Surveyed U.S. and European Psychiatrists Ascribe the Highest Level of Unmet Need to a Therapy Demonstrating Reduced Use of Opioids in Addicted Patients

March 17, 2014

Developers Continue to Focus Efforts on Formulation Improvements, According to Findings from Decision Resources Group

BURLINGTON, Mass., March 17, 2014 /PRNewswire/ — Decision Resources Group finds that, according to insights from surveyed U.S. and European psychiatrists and U.S. managed care (MCO) pharmacy directors, a therapy resulting in reduced use of opioids compared with existing therapies is one of the greatest unmet needs in the treatment of opioid addiction. Although clinical data and the opinions of interviewed thought leaders indicate that no emerging opioid addiction therapies have demonstrated the potential to fulfill this unmet need to date, the emerging buprenorphine implant (Titan Pharmaceuticals’ Probuphine) is poised to offer a six-month duration of action, which is expected to result in improved compliance and a lower risk of abuse over available buprenorphine-containing products.
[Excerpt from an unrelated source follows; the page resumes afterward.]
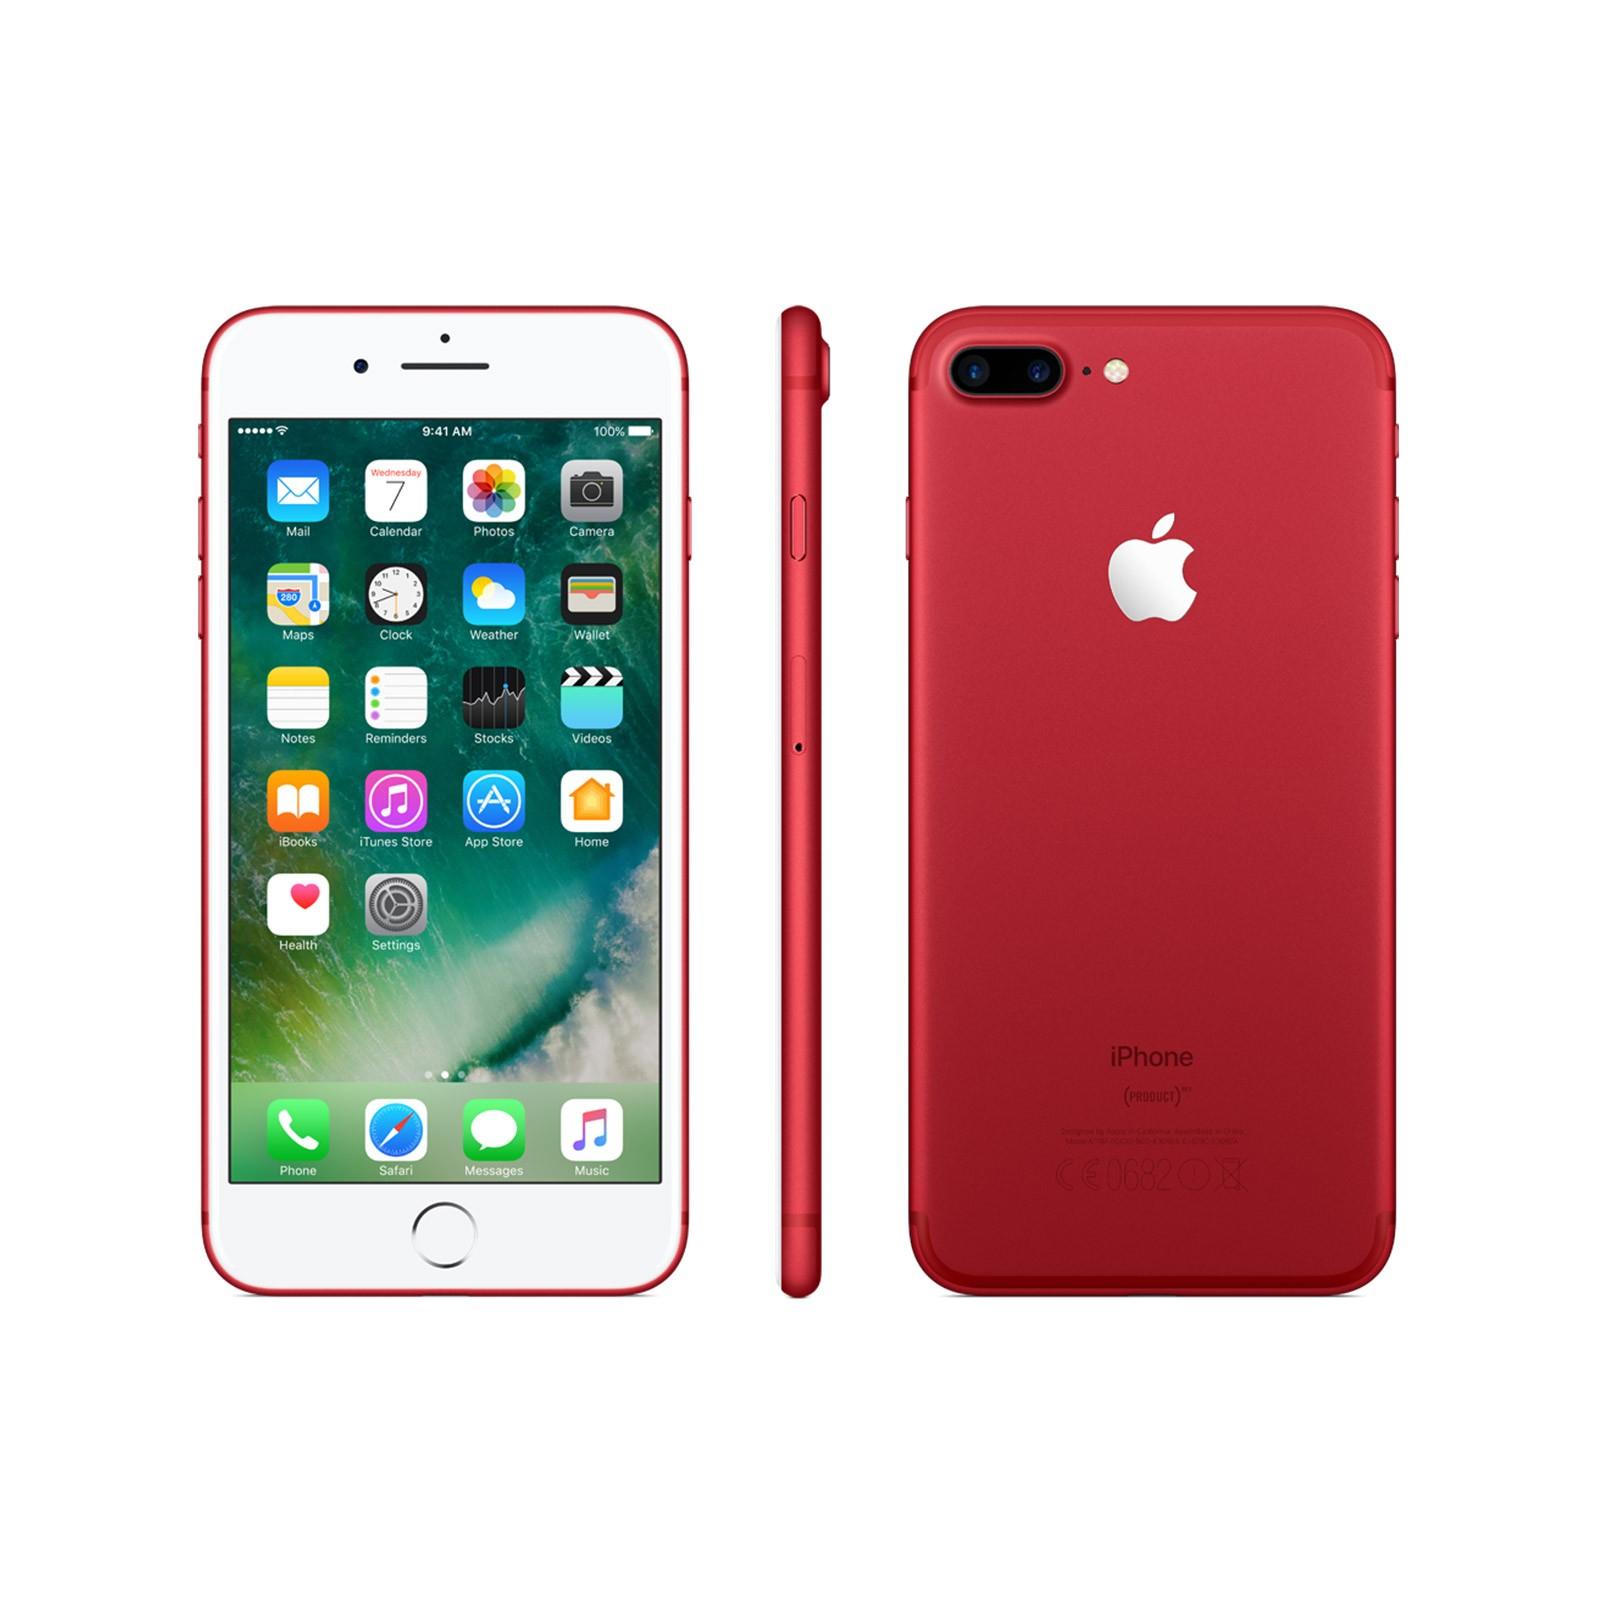 APPLE iPhone 7 Plus Red 128GB im Telekom Comfort Allnet für 31,99€ mtl.

Other key findings from the DecisionBase 2014 report entitled Opioid Addiction: How Will Physicians and Payers Value Advances in Drug Delivery?:

    --  Reckitt Benckiser's Suboxone: Clinical data and the opinions of
        interviewed thought leaders indicate that no currently available opioid
        addiction therapies have advantages over sales-leading
        buprenorphine/naloxone sublingual film (Reckitt Benckiser's Suboxone) on
        reducing opioid use.
    --  Price per day for treatment: Decision Resources Group's analysis of
        physician survey results found that of several attributes tested, price
        per day was by a large margin the most important attribute influencing
        surveyed psychiatrists' likelihood of prescribing a given target product
        profile for opioid addiction. In the first half of 2013, generic
        versions of the buprenorphine/naloxone sublingual tablet became
        available, and the availability of these products is expected to lead to
        an even greater importance of price per day in physicians' prescribing
        decisions in the near future.
    --  Dosing frequency: Surveyed U.S. MCO pharmacy directors are notably
        receptive to new opioid addiction therapies that offer less frequent
        dosing over currently available therapies. We expect that Probuphine
        will match the improvements on delivery that surveyed U.S. payers
        indicated would be required for inclusion on MCO formularies.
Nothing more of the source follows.